### Records provided
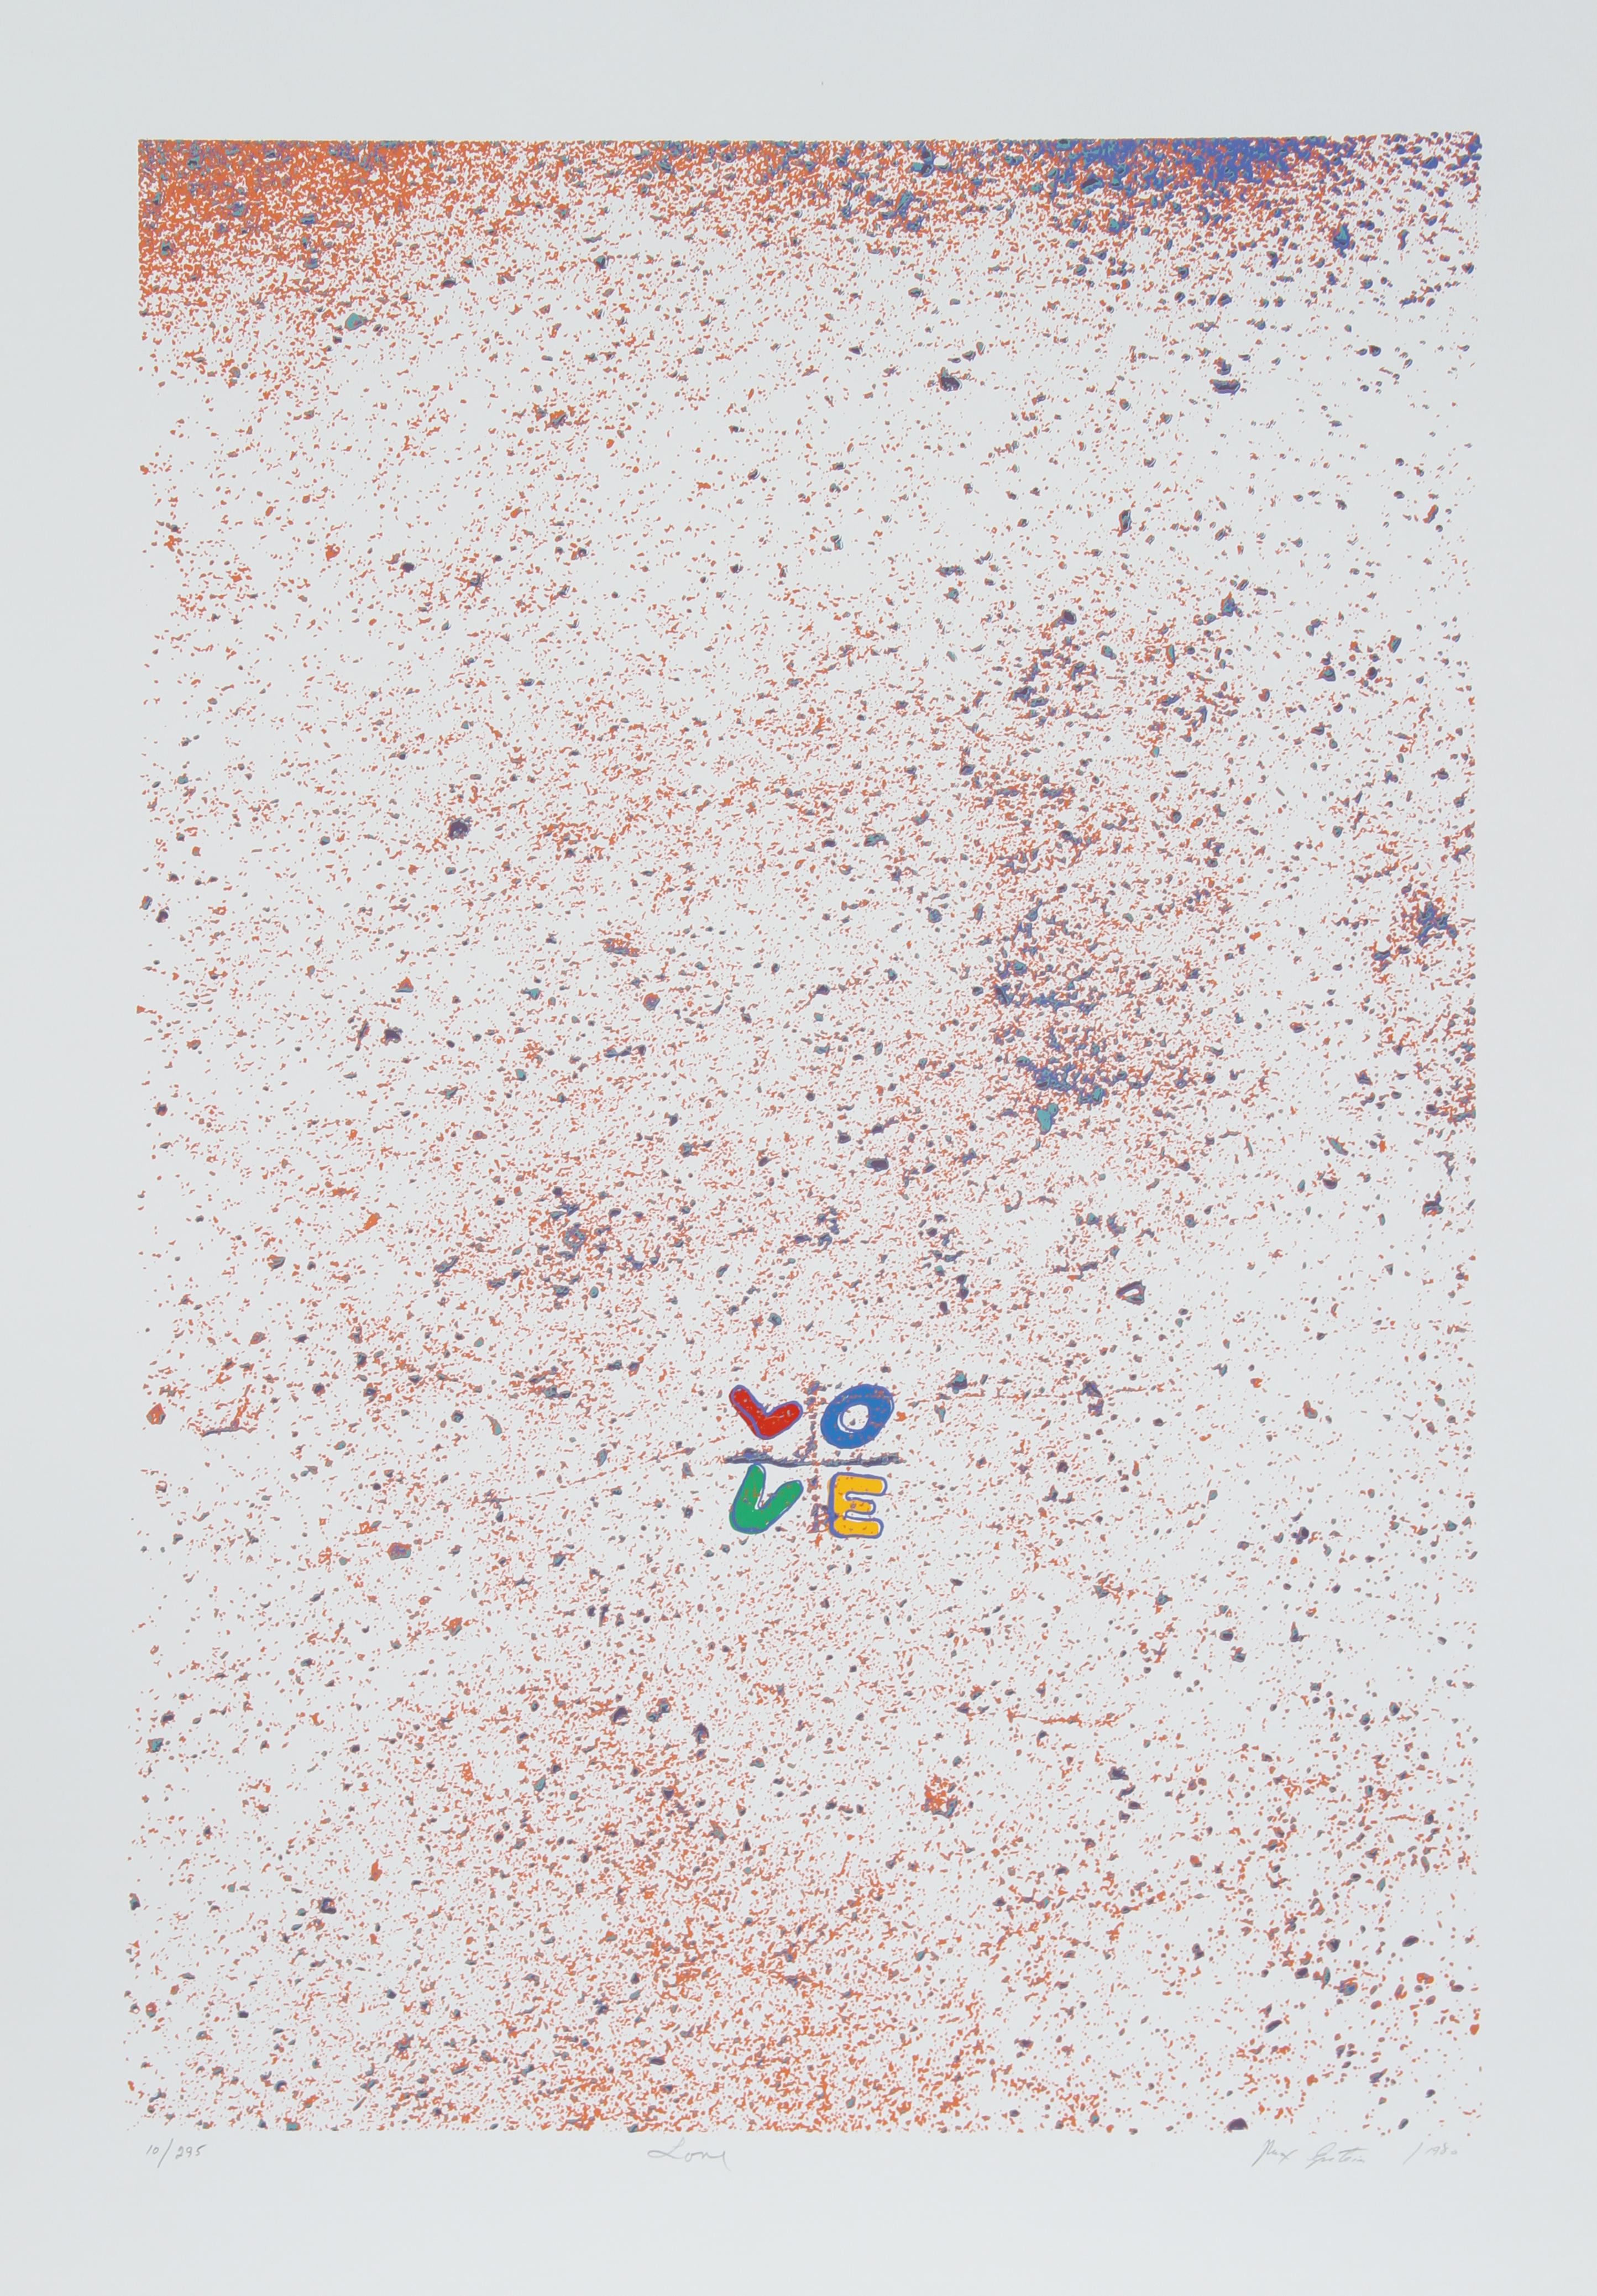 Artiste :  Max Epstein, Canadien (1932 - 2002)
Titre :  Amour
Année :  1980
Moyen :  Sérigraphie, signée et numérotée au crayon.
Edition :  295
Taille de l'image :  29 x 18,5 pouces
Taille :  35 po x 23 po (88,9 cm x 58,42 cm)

* * *

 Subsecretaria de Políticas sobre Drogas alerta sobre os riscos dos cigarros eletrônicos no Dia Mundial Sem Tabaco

### Work instructions
In the entries above, find the line containing "(1932 - 2002)" and the line containing "x 58,42 cm)", then copy both and every line between them exactly, without any picture.

### Response to this task
 Artiste :  Max Epstein, Canadien (1932 - 2002)
Titre :  Amour
Année :  1980
Moyen :  Sérigraphie, signée et numérotée au crayon.
Edition :  295
Taille de l'image :  29 x 18,5 pouces
Taille :  35 po x 23 po (88,9 cm x 58,42 cm)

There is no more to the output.